Disk Scheduling Algorithms
- FCFS: FCFS is the simplest of all the Disk Scheduling Algorithms. In FCFS, the requests are addressed in the order they arrive in the disk queue.
- Every request gets a fair chance
- No indefinite postponement
- Does not try to optimize seek time
- May not provide the best possible service
- SSTF: In SSTF (Shortest Seek Time First), requests having shortest seek time are executed first. So, the seek time of every request is calculated in advance in queue and then they are scheduled according to their calculated seek time. As a result, the request near the disk arm will get executed first. SSTF is certainly an improvement over FCFS as it decreases the average response time and increases the throughput of system.
- Average Response Time decreases
- Throughput increases
- Overhead to calculate seek time in advance
- Can cause Starvation for a request if it has higher seek time as compared to incoming requests
- High variance of response time as SSTF favours only some requests
- SCAN: In SCAN algorithm the disk arm moves into a particular direction and services the requests coming in its path and after reaching the end of disk, it reverses its direction and again services the request arriving in its path. So, this algorithm works like an elevator and hence also known as elevator algorithm. As a result, the requests at the midrange are serviced more and those arriving behind the disk arm will have to wait.
- High throughput
- Low variance of response time
- Average response time
- Long waiting time for requests for locations just visited by disk arm
- CSCAN: In SCAN algorithm, the disk arm again scans the path that has been scanned, after reversing its direction.
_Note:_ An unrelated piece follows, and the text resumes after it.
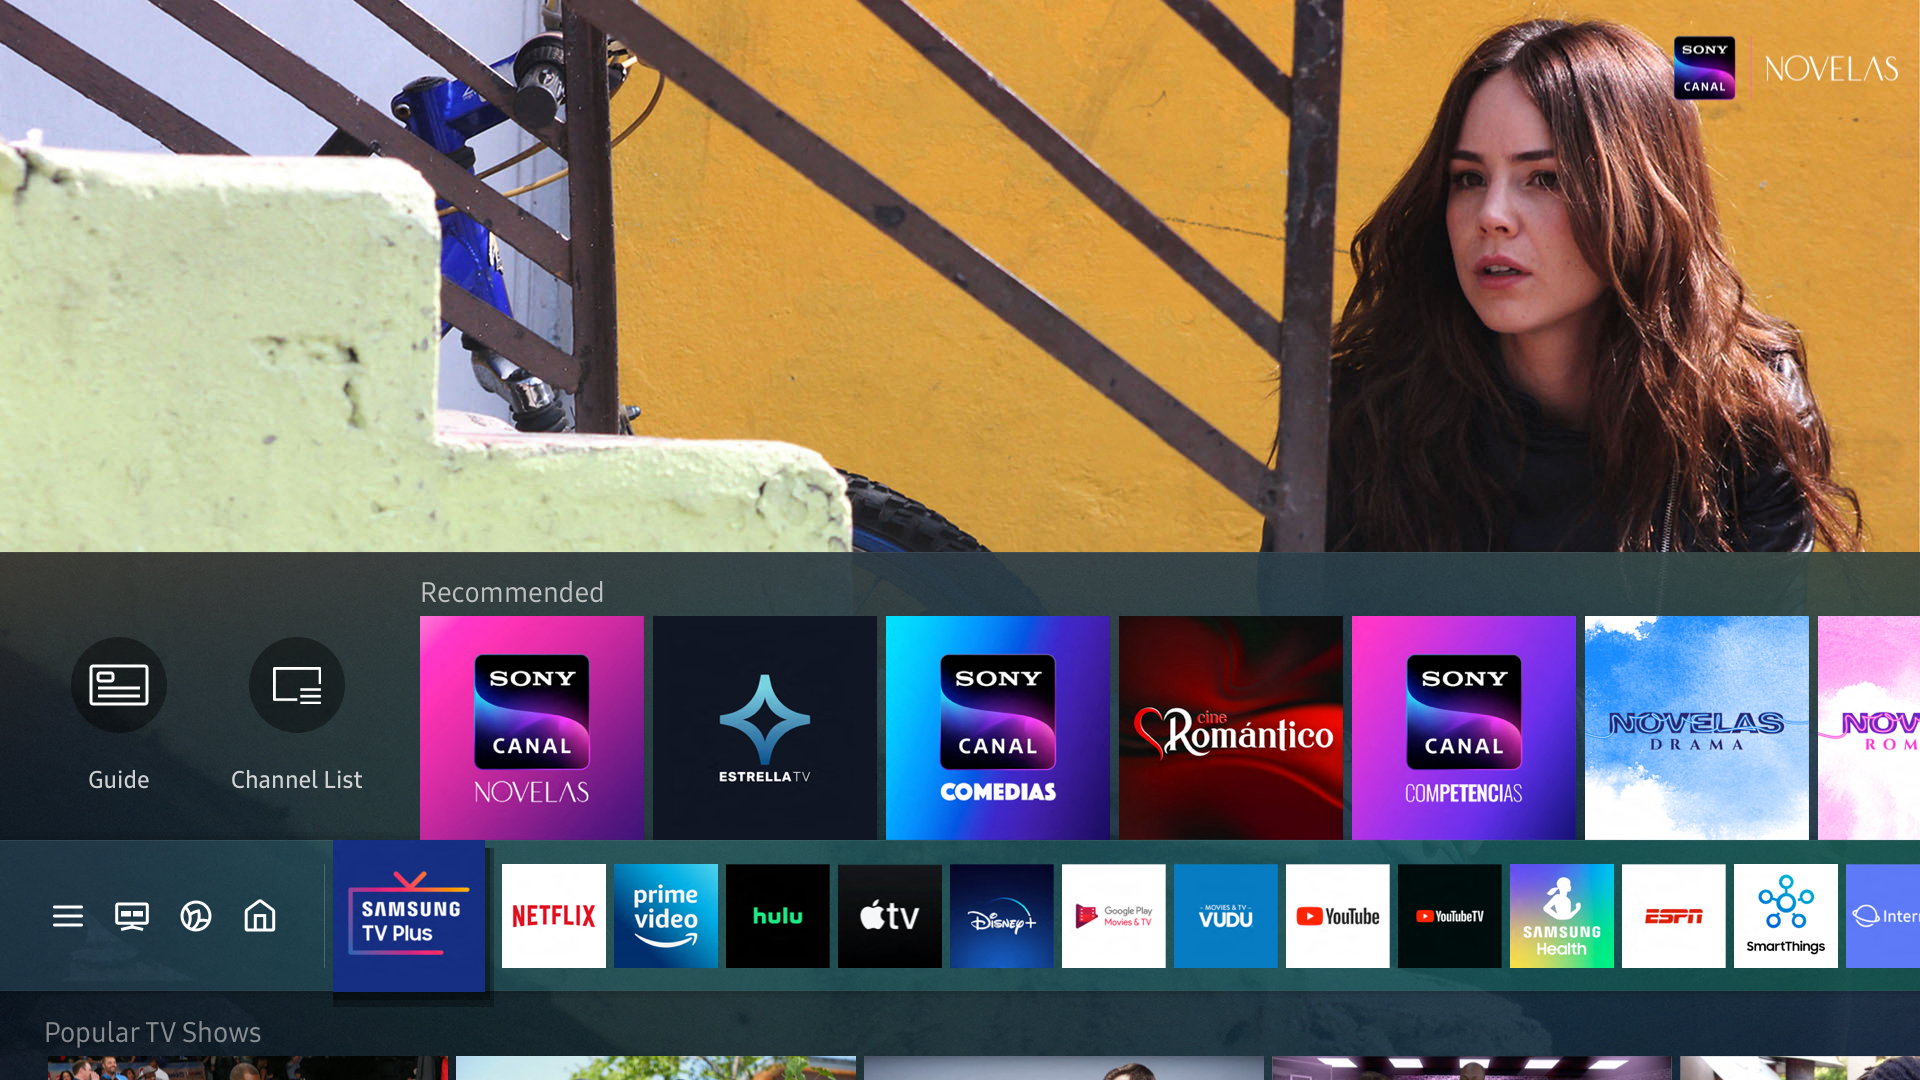 Samsung TV Plus Announces Ten Spanish-Language Channels to Celebrate Hispanic Heritage

So, it may be possible that too many requests are waiting at the other end or there may be zero or few requests pending at the scanned area.
These situations are avoided in CSAN algorithm in which the disk arm instead of reversing its direction goes to the other end of the disk and starts servicing the requests from there. So, the disk arm moves in a circular fashion and this algorithm is also similar to SCAN algorithm and hence it is known as C-SCAN (Circular SCAN).
- Provides more uniform wait time compared to SCAN
- LOOK: It is similar to the SCAN disk scheduling algorithm except the difference that the disk arm in spite of going to the end of the disk goes only to the last request to be serviced in front of the head and then reverses its direction from there only. Thus it prevents the extra delay which occurred due to unnecessary traversal to the end of the disk.
- CLOOK: As LOOK is similar to SCAN algorithm, in similar way, CLOOK is similar to CSCAN disk scheduling algorithm. In CLOOK, the disk arm inspite of going to the end goes only to the last request to be serviced in front of the head and then from there goes to the other end’s last request. Thus, it also prevents the extra delay which occurred due to unnecessary traversal to the end of the disk.
Each algorithm is unique in its own way.Overall Performance depends on number and type of requests.
Suppose a disk has 201 cylinders, numbered from 0 to 200. At some time the disk arm is at cylinder 100, and there is a queue of disk access requests for cylinders 30, 85, 90, 100, 105, 110, 135 and 145. If Shortest-Seek Time First (SSTF) is being used for scheduling the disk access, the request for cylinder 90 is serviced after servicing ____________ number of requests.
Consider an operating system capable of loading and executing a single sequential user process at a time. The disk head scheduling algorithm used is First Come First Served (FCFS). If FCFS is replaced by Shortest Seek Time First (SSTF), claimed by the vendor to give 50% better benchmark results, what is the expected improvement in the I/O performance of user programs?